Why don't you flag everything above Medicare rates?
Providers can legally charge more than Medicare rates. We flag significant outliers (typically 10%+ above typical), but higher charges aren't necessarily errors. Factors like facility type, geographic location, and service complexity affect pricing. We focus on potential errors, not just high prices.

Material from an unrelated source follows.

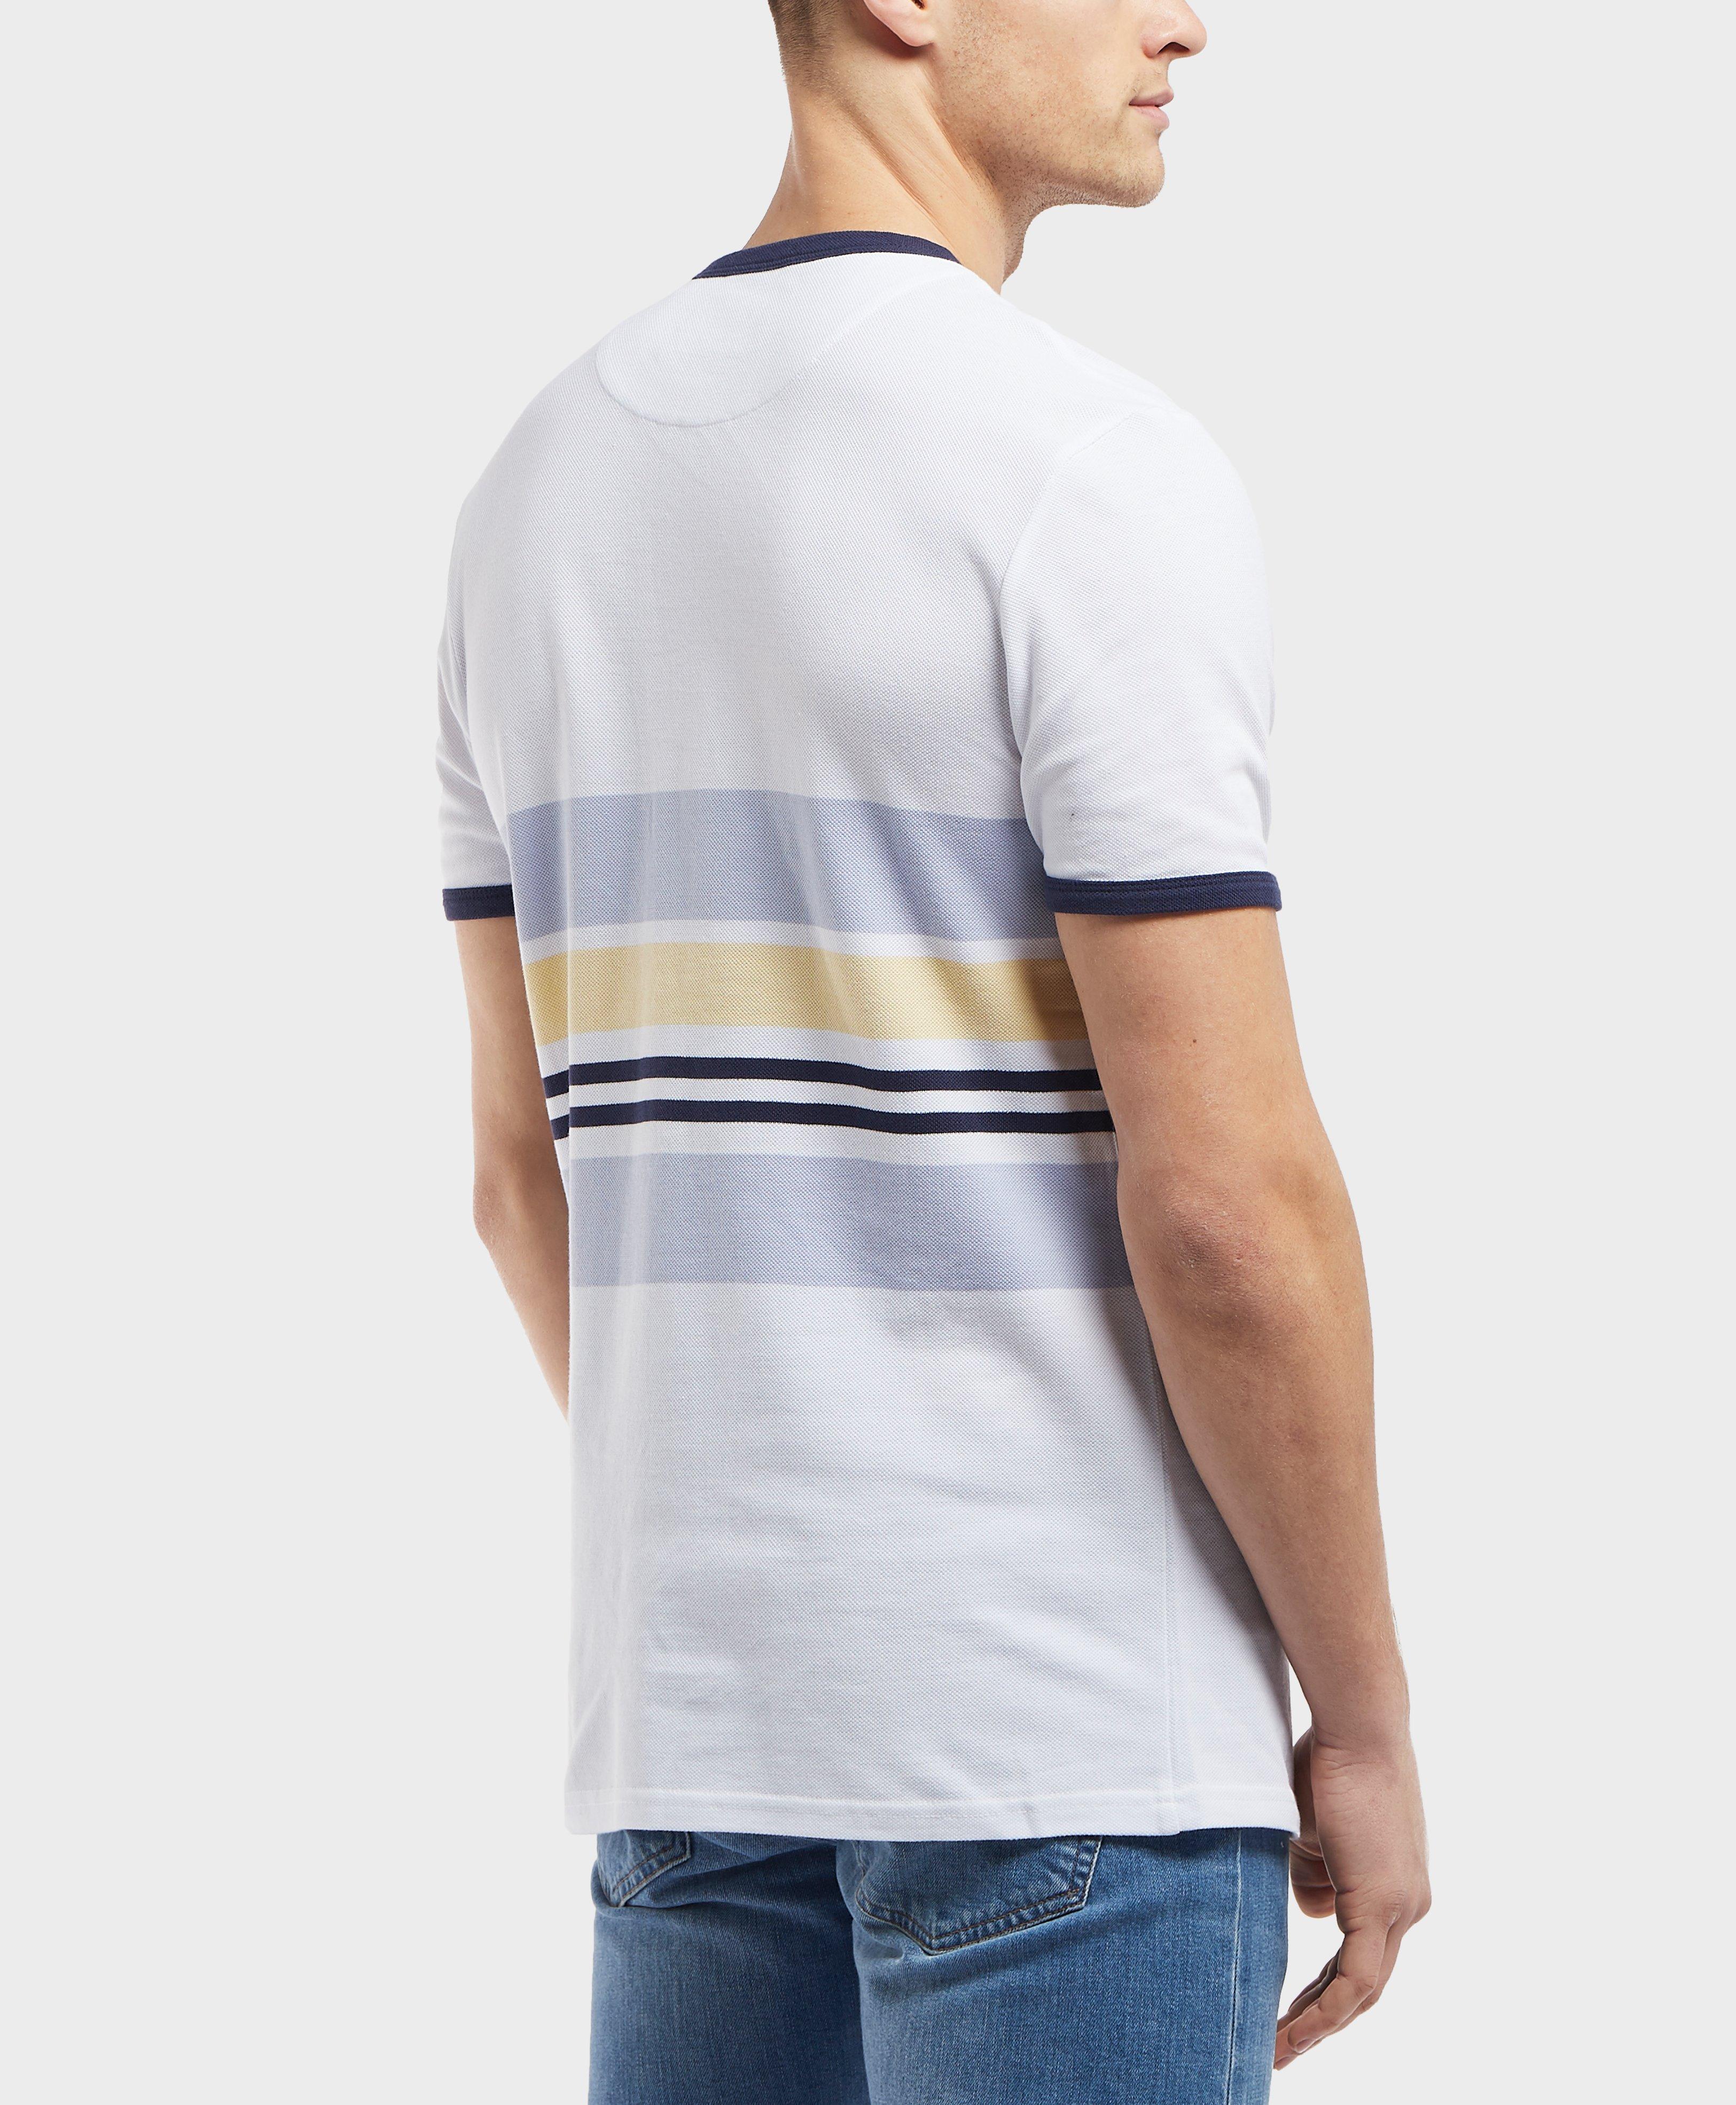 4b7fb6267 Lyst - Lyle & Scott Pique Short Sleeve Stripe T-shirt for Men
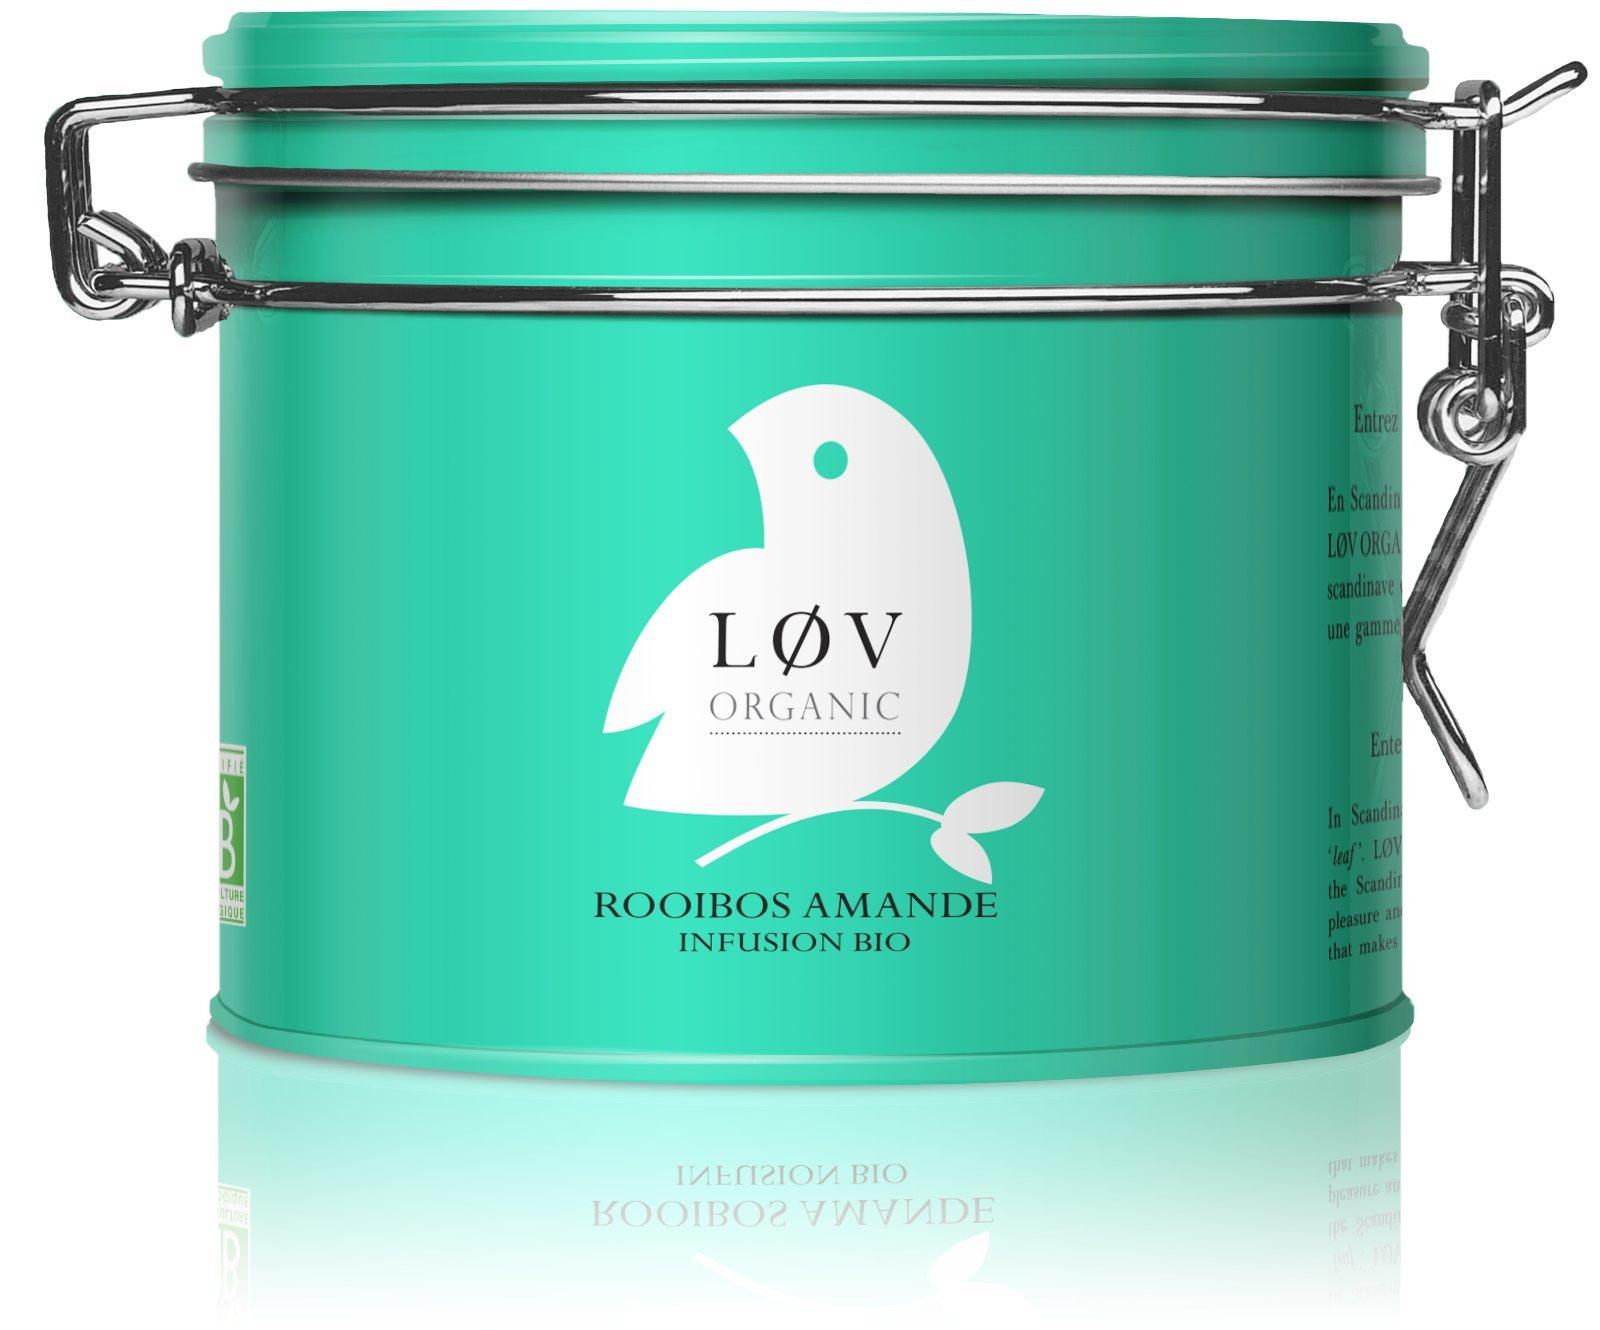 Løv Organic Almond Rooibos Tea - Organic Almond Blend Calming Caffeine-Free Tea (3.5oz Loose Tea Tin - 40 Servings) by LØV ORGANIC

How do you handle my bill data?
See our Security & Privacy page for complete details. In short: bank-level encryption, no selling of data, secure cloud storage, and you can delete your data anytime.

Help Us Improve

We're committed to continuous improvement. When you mark flags as correct or wrong, you're helping train our system and improve accuracy for everyone. We use this feedback to adjust confidence calculations and detection rules.